Problem description:
In the data below, reproduce everything exactly except the images.

Exercise data:
- Opening Delimiter -
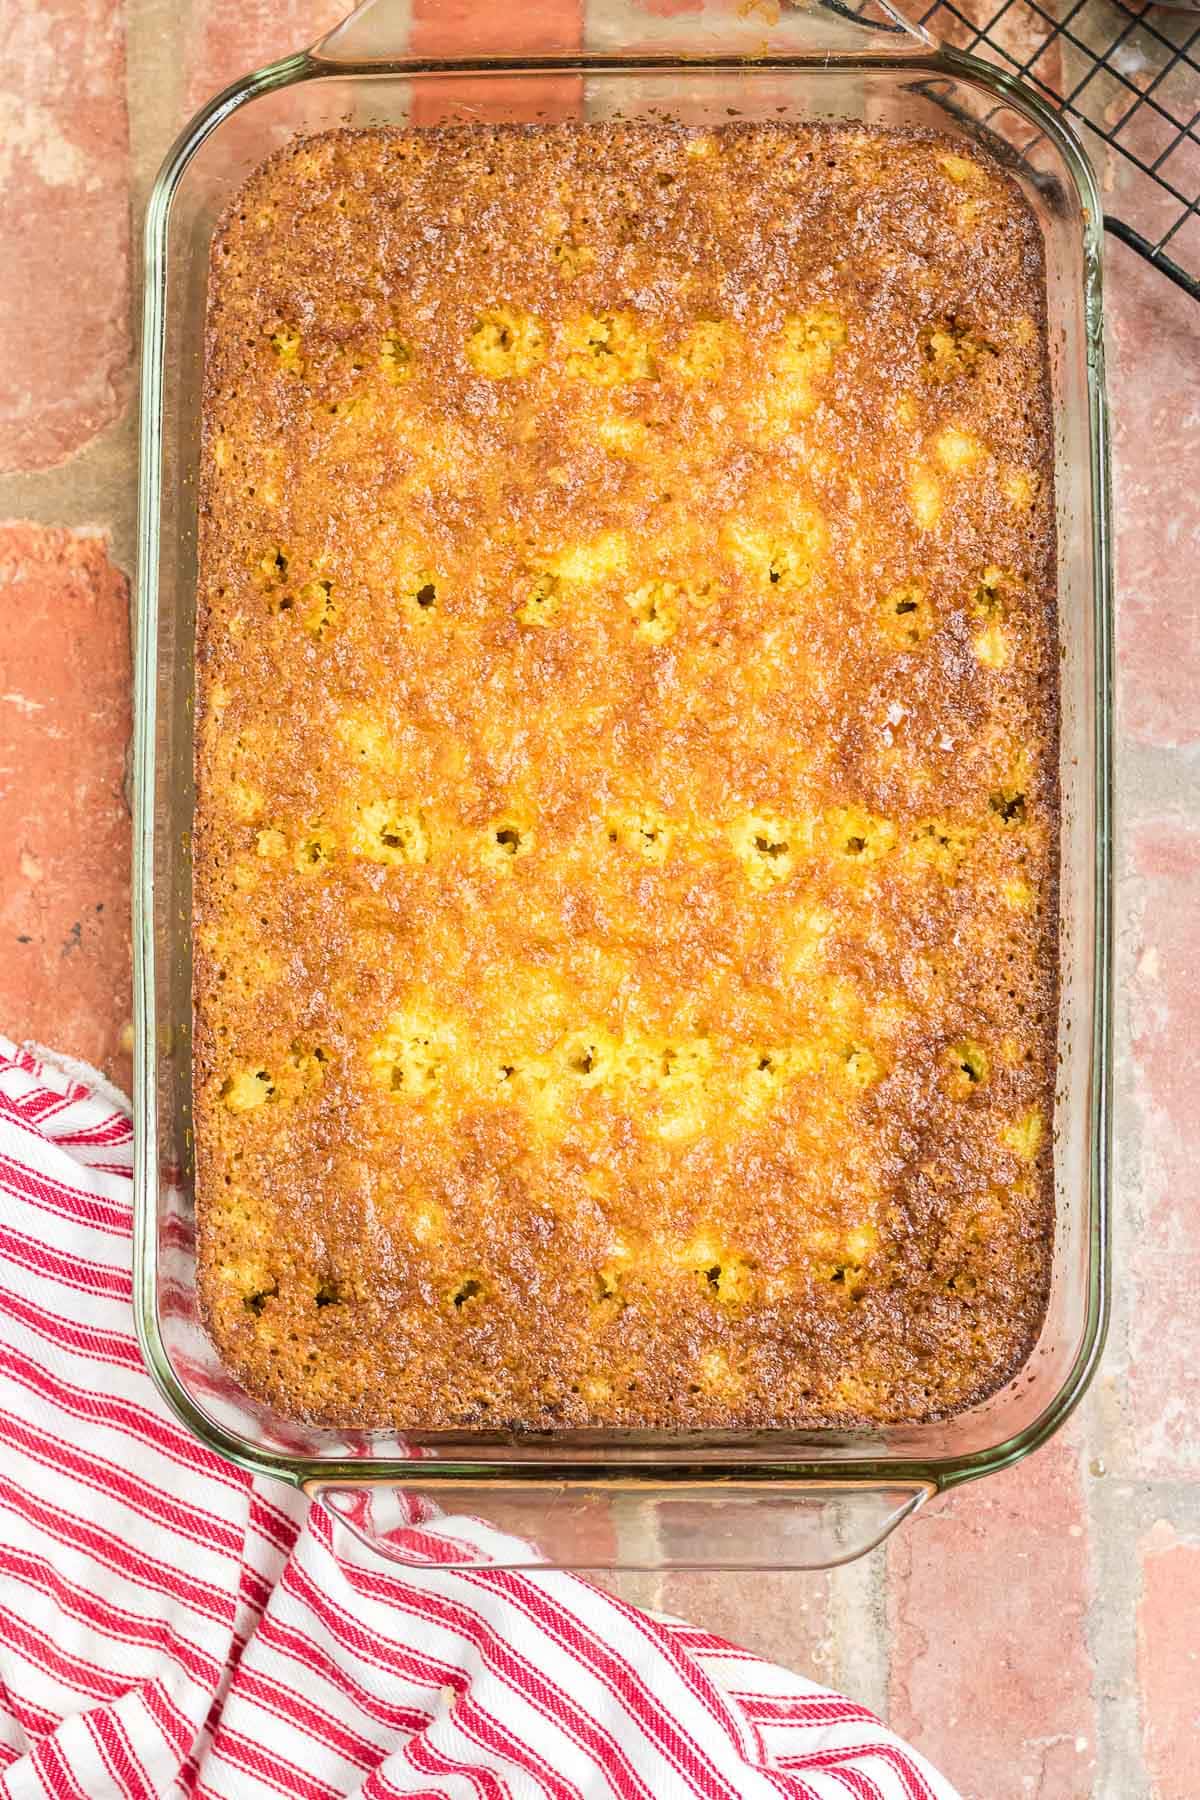 The baked cake with holes poked all over it.
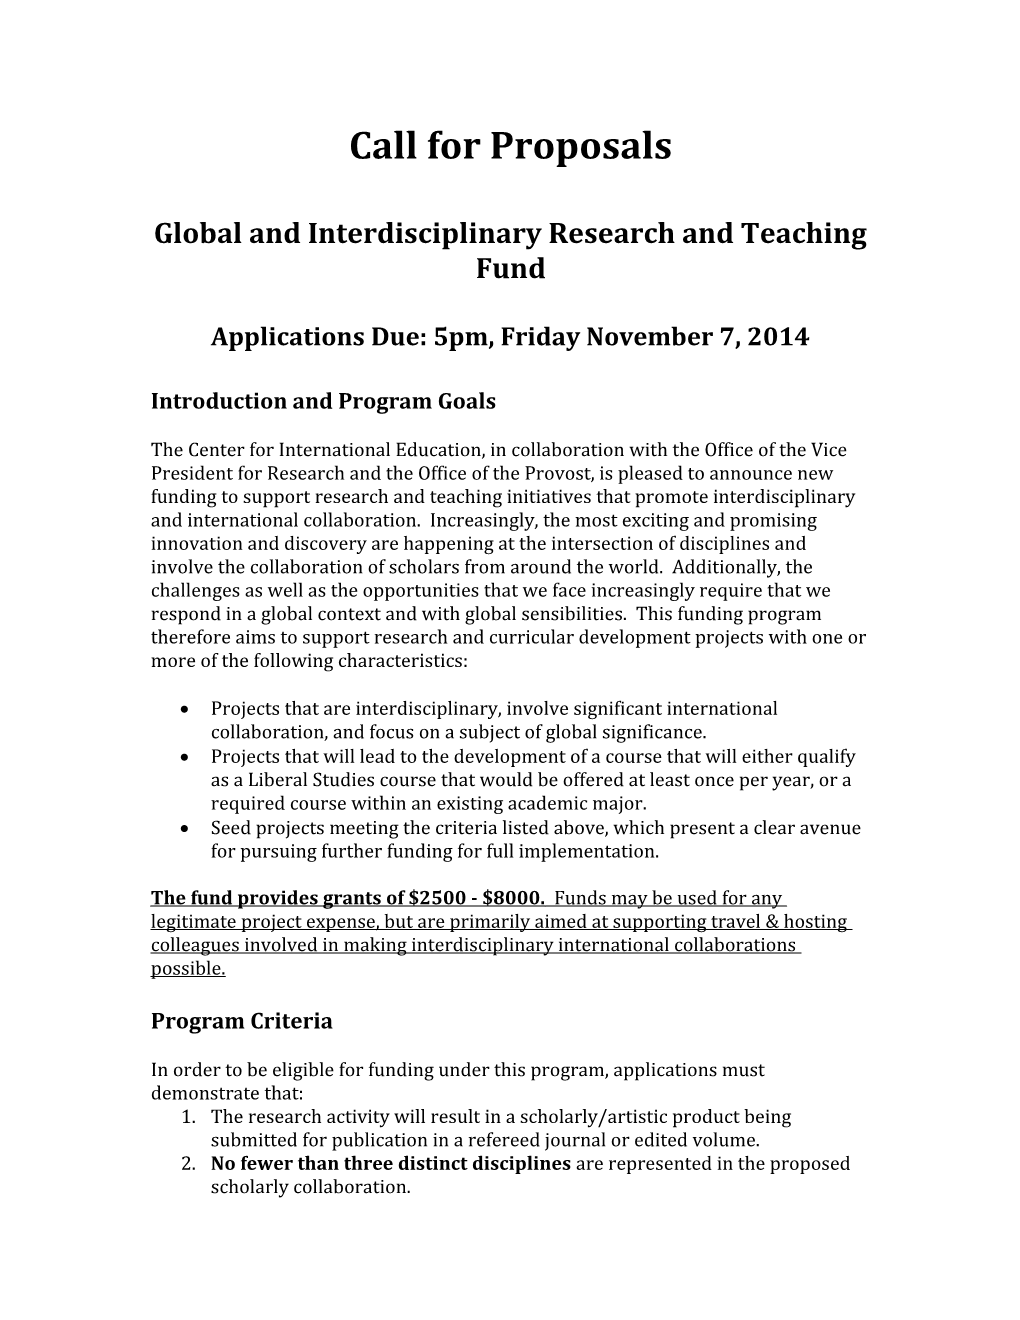 Global and Interdisciplinary Research and Teaching Fund
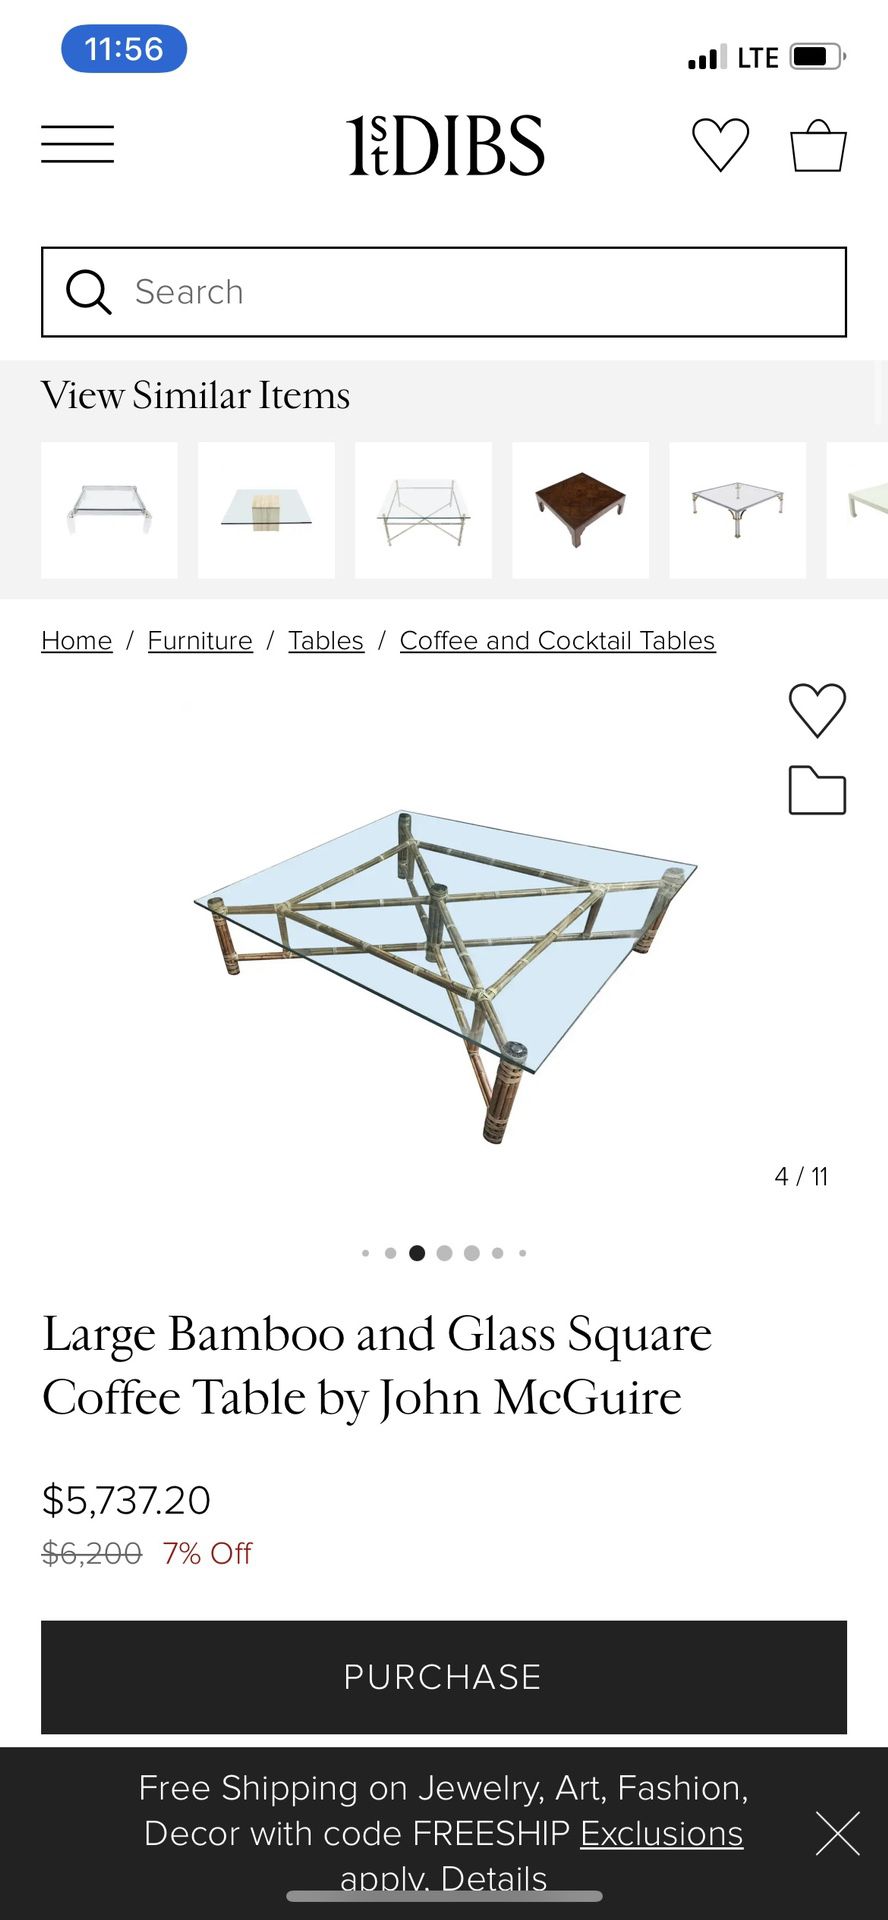 Glass and bamboo Coffee table
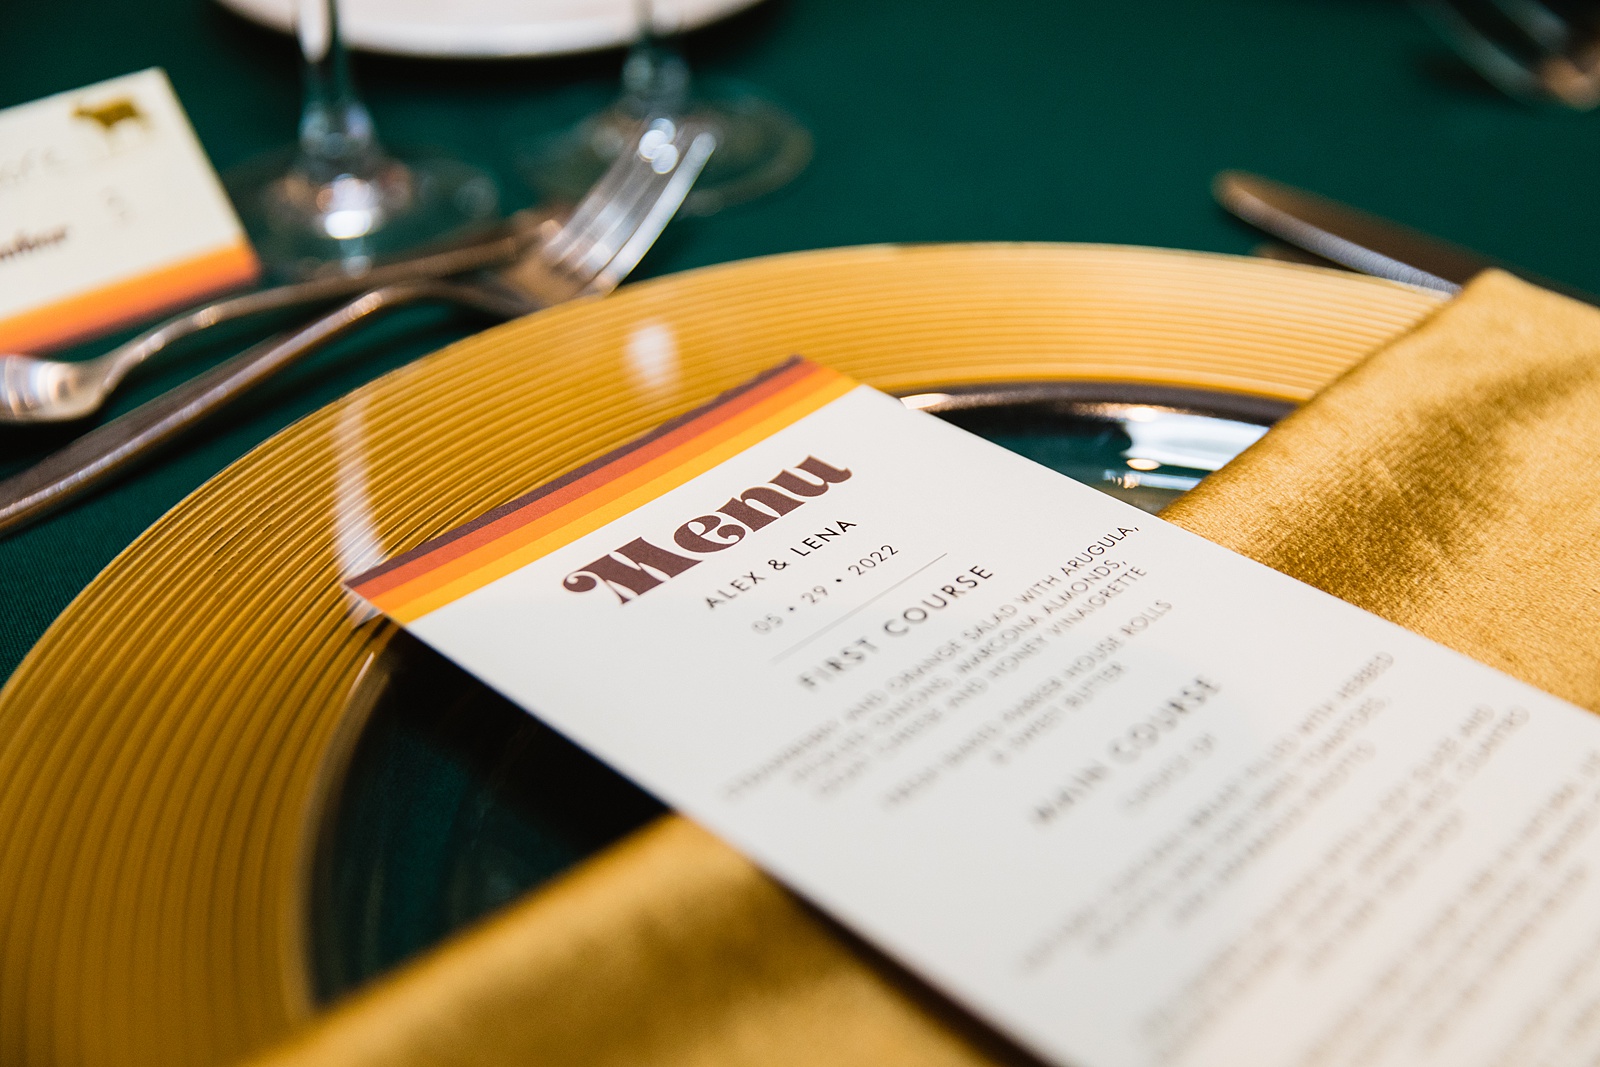 Retro Mid Century Modern menu and place settings at Mountain Shadows Resort wedding reception by Paradise Valley wedding photographer PMA Photography.
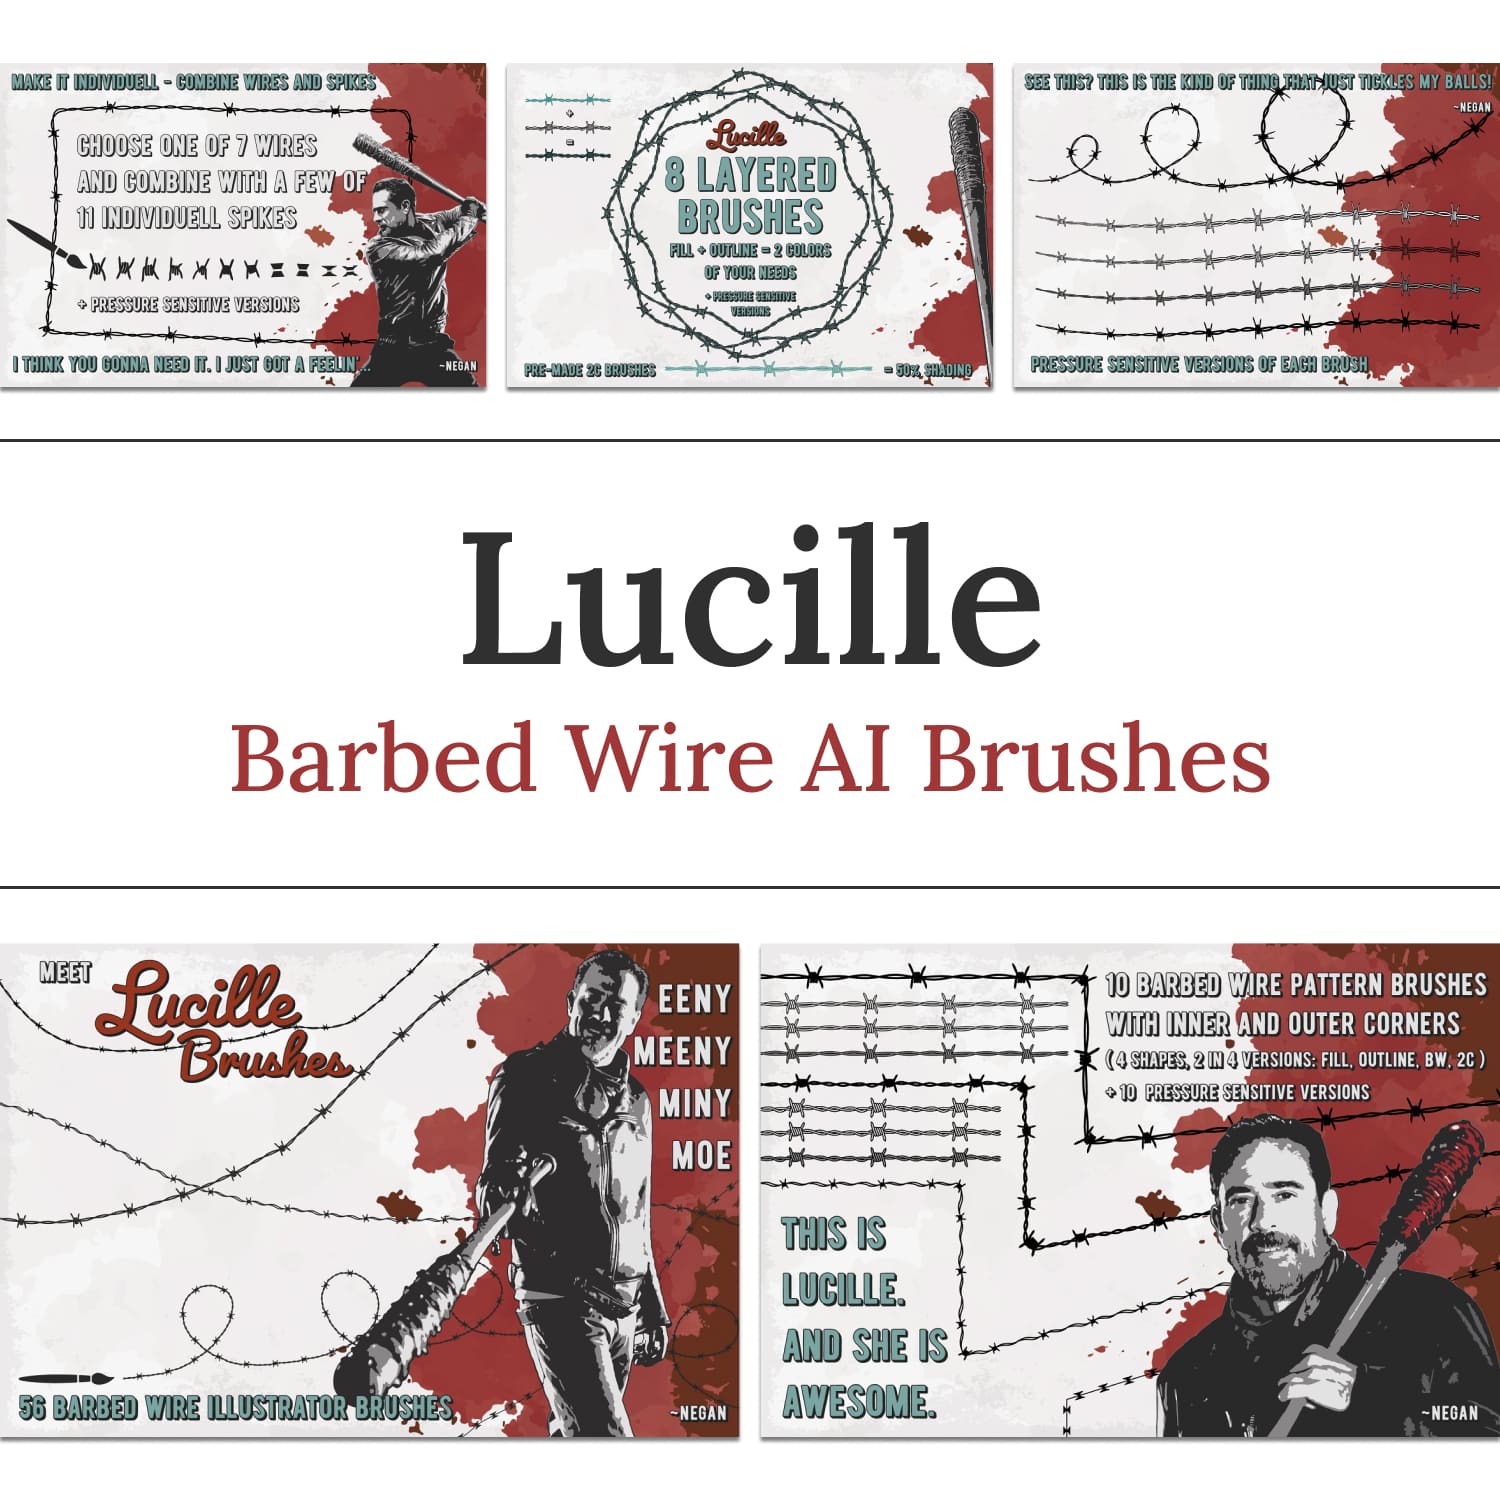 Lucille - Barbed Wire AI Brushes.
- Closing Delimiter -
Task answer:
 The baked cake with holes poked all over it.
 Global and Interdisciplinary Research and Teaching Fund
 Glass and bamboo Coffee table
 Retro Mid Century Modern menu and place settings at Mountain Shadows Resort wedding reception by Paradise Valley wedding photographer PMA Photography.
 Lucille - Barbed Wire AI Brushes.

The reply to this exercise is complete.